In terms of interface, I tend to lean towards gnome2 and/or xfce though I spend so much time in cli I don't know that it matters much. I've used everything from ratpoison to Enlightenment17. Most of my linux kernels are vanilla these days as I just don't have the time to custom them (hoping to change that).


----------



## killall

Currently dual booting Win 7 Pro 64bit with Bohdilinux (Ubuntu derivative) on my laptop.

Was running Fedora 15 but changed to a laptop with Realtek wireless card and got fed up trying to get wireless working:sad3:

On the happy side though, I managed to get Burg Loader working with my dual boot:smile3:


----------



## CorCor67

Linux Mint / OpenSuse dual boot... Mint for building & themeing, OpenSuse just for whenever I feel the need for something different...but I feel a format comming soon  haven't gone distro hoppin in a month or two


----------



## crosstown

Laptop dual boots with Win7 Ultimate and Ubuntu. Admittedly don't use Ubuntu often. Still VERY new to Linux.


----------



## UrbanBounca

I'm currently using Windows 7 (32bit) on a 64bit capable laptop. I can't justify buying the 64bit version when the 32bit version is working fine.


----------



## gardobus

killall said:


> Currently dual booting Win 7 Pro 64bit with *Bohdilinux* (Ubuntu derivative) on my laptop.


Uhoh looks like the laptop is getting formatted when I get home. Bohdi looks pretty nice.


----------



## Tahl

I love me some Linux Mint 11.. I'll probably switch to Gentoo eventually when I feel like setting my Minecraft server back up. I've got it running on my Desktop and my laptop at the moment. Every now and then I'll dualboot Win 7 for gaming if I need to or install a second linux distro to play around.


----------



## manbeard

I swore I posted something on here this morning... I think someone ate it.

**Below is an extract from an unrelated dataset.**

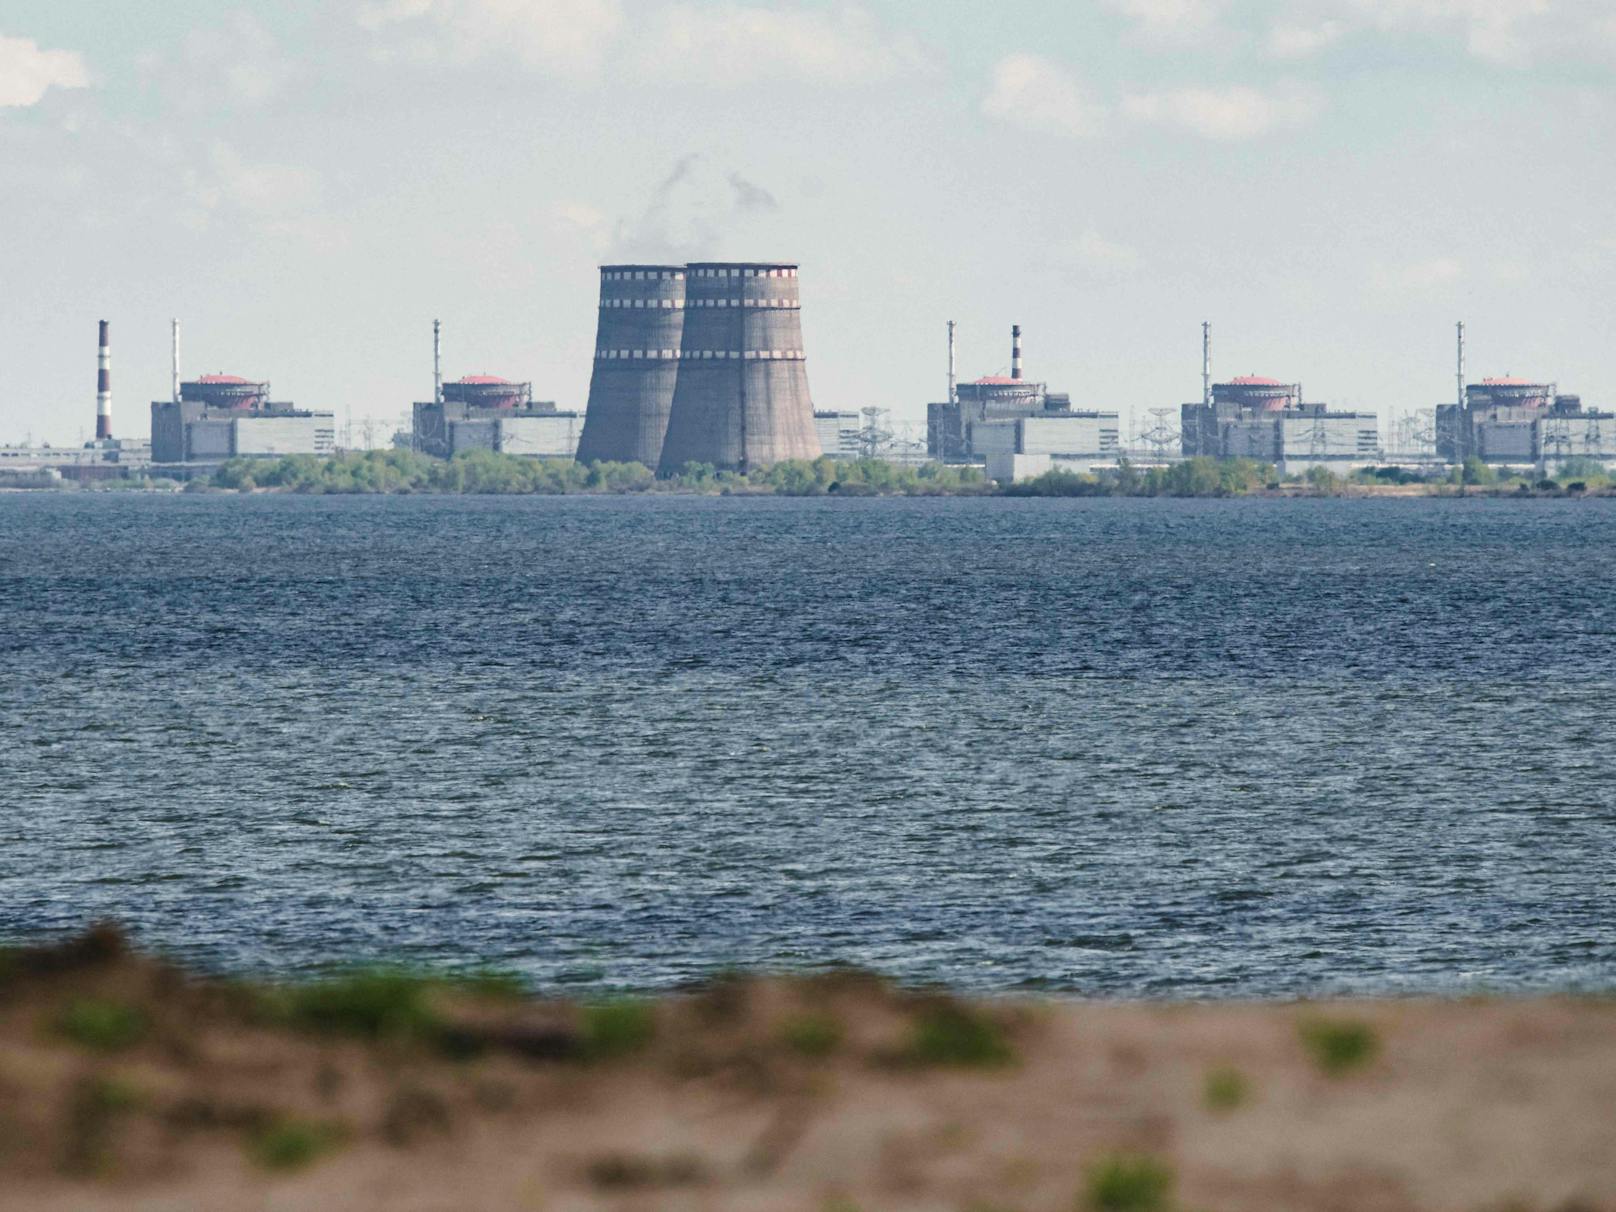 Immer wieder ist das ukrainische Atomkraftwerk Saporischschja Ziel von Angriffen.

Win7 x64 on my desktop and laptop with VM's for Ubuntu 11.04 and Win Server 2008 R2. Linux takes too much time to get working just right with hardware, especially laptops (like my XPS 15).


----------



## manbeard

And apparently that post was on a different thread. I need to quit using forums when I'm trying to go to sleep :erm (1):


----------



## poontab

Ubuntu 11.04 on nc10 & desktop


----------



## chaotikcore

Slackware13 64bit.....windows free since 2008.


----------



## Framework43

Mac OSX on my Macbook Pro
Windows 7 on my Desktop
Use both for different things,so it works out.


----------



## HighwaySnobbery

Windows 7 Ultimate, Windows XP, Ubuntu, Android, and there is one old phone lurking around here running Windows Mobile 6.


----------



## iNfAMOUS702

Mac OSX on my old vaio laptop and Linux mint on my HP laptop...screw Windows -__-


----------



## droidvirzi

I use android on my iPhone 6


----------



## Scloud

For my Tower :Quad boot - Windows 7 Ultimate 32bit, Ubuntu 11.04 (Gnome), Snow Leopard 10.6.2, and WIndows Vista Ultimate 32bit.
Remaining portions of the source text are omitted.